Having no direct responsibility for the adoption of the IESBA Code of Ethics by all professional accountants in the jurisdiction, the AAAA has nevertheless established a requirement for its members to adhere to the Code and has established ongoing processes to translate the IESBA Code for application by its members. The 2014 version of the IESBA Code is being applied as of 2016.
In addition to the translation activities, the AAAA works to ensure that the requirements of the IESBA Code are incorporated into education and training programs and that the system to monitor compliance with the Code is further developed. The AAAA organizes seminars, publishes implementation materials, and raises the awareness of its members and the general public about ethics through its publications and website.
The AAAA is encouraged to work with other stakeholders in Armenia to ensure that all professional accountants are subject to ethical requirements as established by the IESBA Code of Ethics.
With no direct responsibility for adoption of IPSAS, the AAAA reports that, since 2012, it has participated in discussions with government officials on the adoption of IPSAS and continues to use its best endeavors to identify opportunities to assist the Ministry of Finance with IPSAS implementation. The AAAA has not, however, reported any specific actions. The plans to introduce a certification scheme for accountants in public sector, as well as for internal auditors, have been suspended.
The AAAA is encouraged to indicate whether it has considered the need to participate more actively in the issues related to public sector accounting. If so, the SMO 5 section of the Action Plan needs to be updated accordingly.
The AAAA has taken steps to establish a formal investigative and disciplinary (I&D) system for its members that is based on SMO 6 requirements. It established the Committee on Membership and Professional Ethics, which, along with other objectives, is mandated to investigate the violations of professional ethics and norms of its members. The association notes in its 2016 SMO Action Plan that the committee periodically monitors members’ compliance with continuing professional development and professional conduct. In 2009, the AAAA planned to conduct a review of the I&D system with a view to developing an Action Plan addressing the existing shortcomings. Due to lack of funding, however, the project was suspended. In 2013, the AAAA revised its disciplinary procedures although the nature of the revisions is not clear.

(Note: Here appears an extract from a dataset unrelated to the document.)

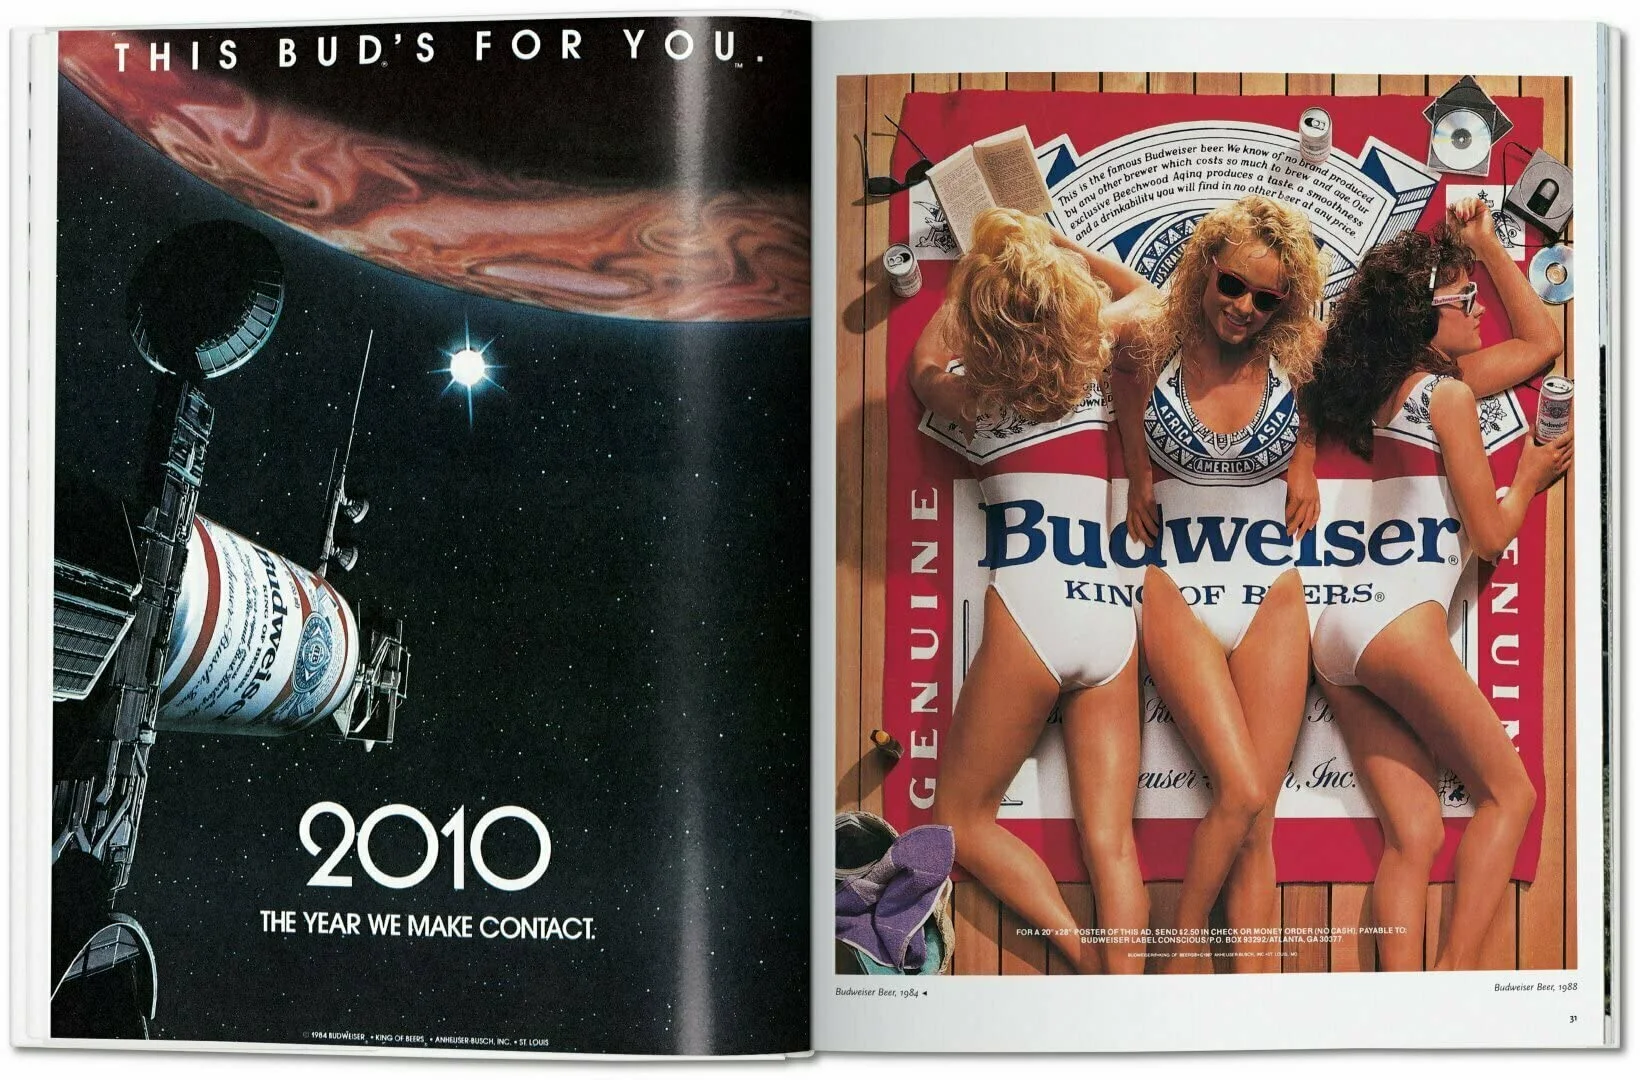 "All-American ADS of the 80s" "Вся американская реклама 80-х"

The AAAA is encouraged to assess the existing I&D system in Armenia against the requirements of the revised SMO 6 and include the results of the review in the SMO Action Plan. For areas of less than full compliance, it needs to describe in its SMO Action Plan what actions it aims to take to close the gaps and align the system with the requirements of SMO 6. In addition, the AAAA is strongly encouraged to provide an update on the I&D system established by the MoF.

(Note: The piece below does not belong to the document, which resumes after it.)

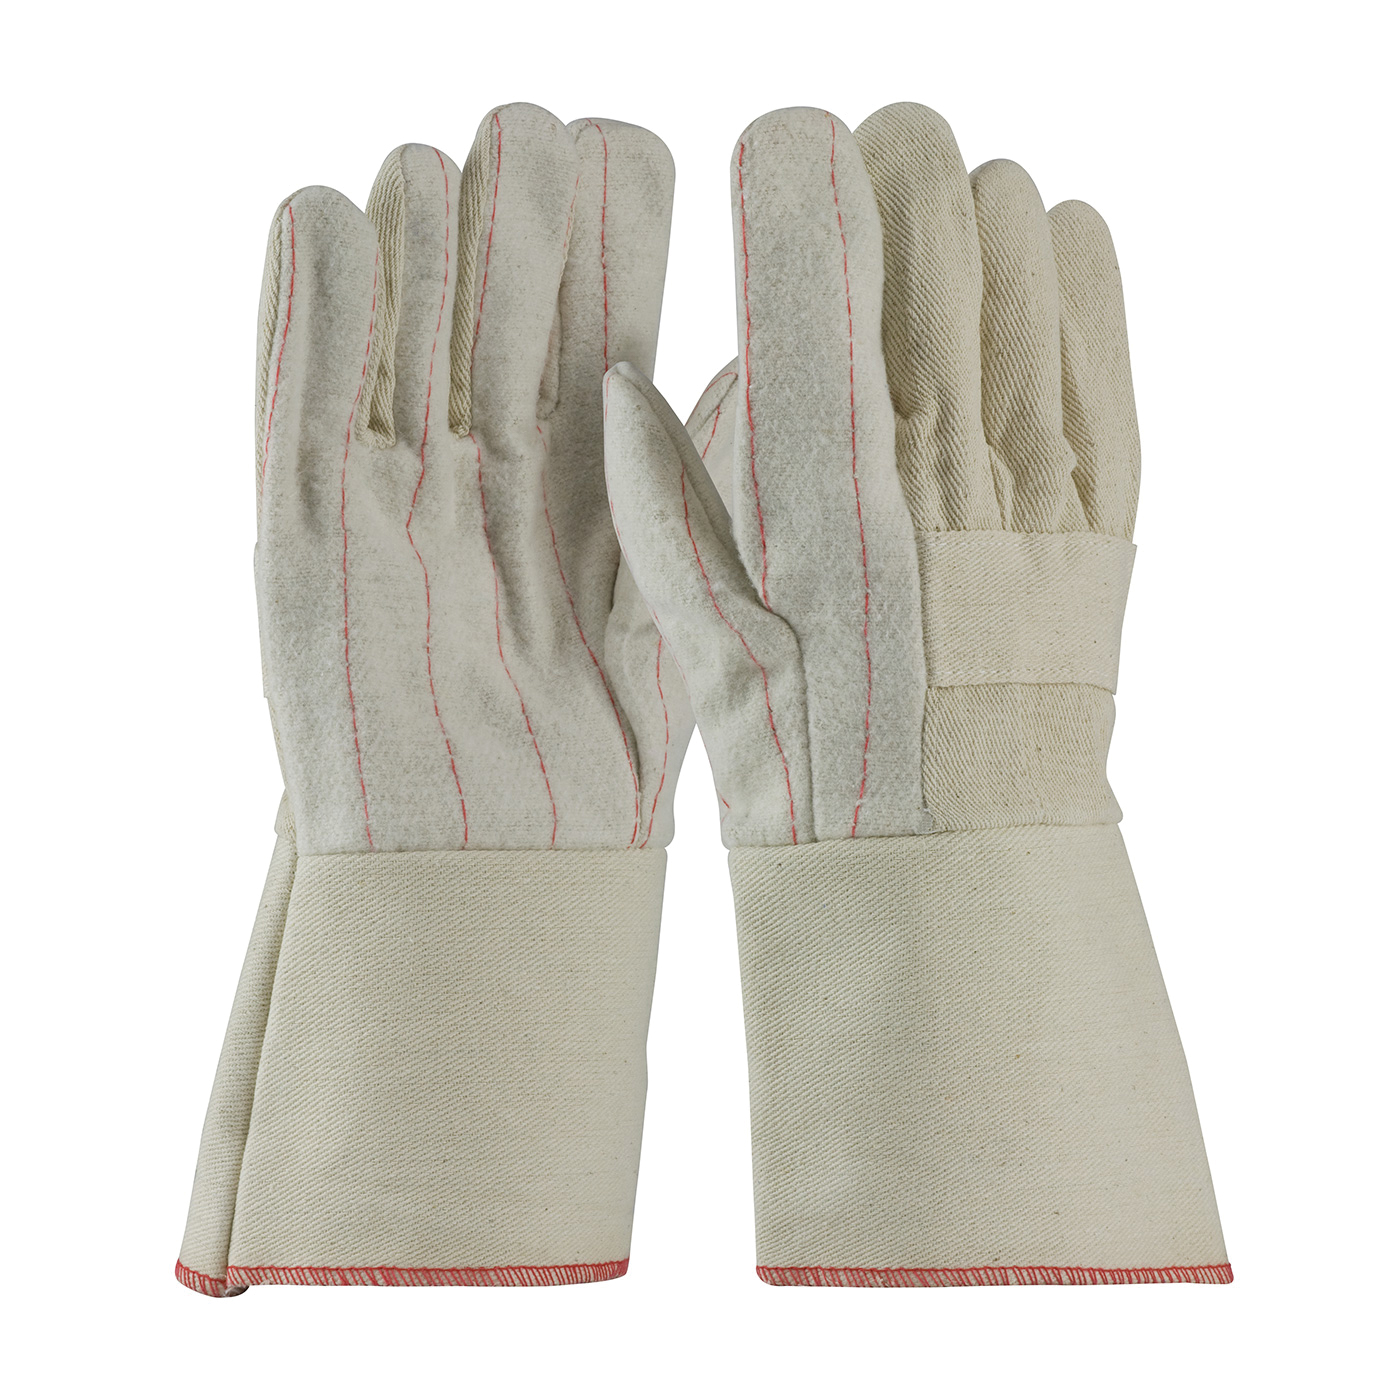 PIP® 94-924G Men's Premium Grade Hot Mill Gloves, Universal, Cotton/Canvas, Natural, Cotton, Gauntlet Cuff, 12.4 in L

The AAAA has no direct responsibility for the adoption of IFRS and IFRS for SMEs in the jurisdiction. The Ministry of Finance has, however, entrusted it with the process of translating IFRS, which must be translated into Armenian to become applicable. In addition, the AAAA uses its best endeavors to support its membership with the implementation of the standards by providing training, certification, and workshops on the standards, as well as publications.
The AAAA is encouraged to consider the experiences of other jurisdictions and to establish ongoing processes for translating IFRS to ensure that the most recent IASB pronouncements are being applied in Armenia. The AAAA is also encouraged to consider participating in international standard setting and initiating a program for responding to IASB exposure drafts.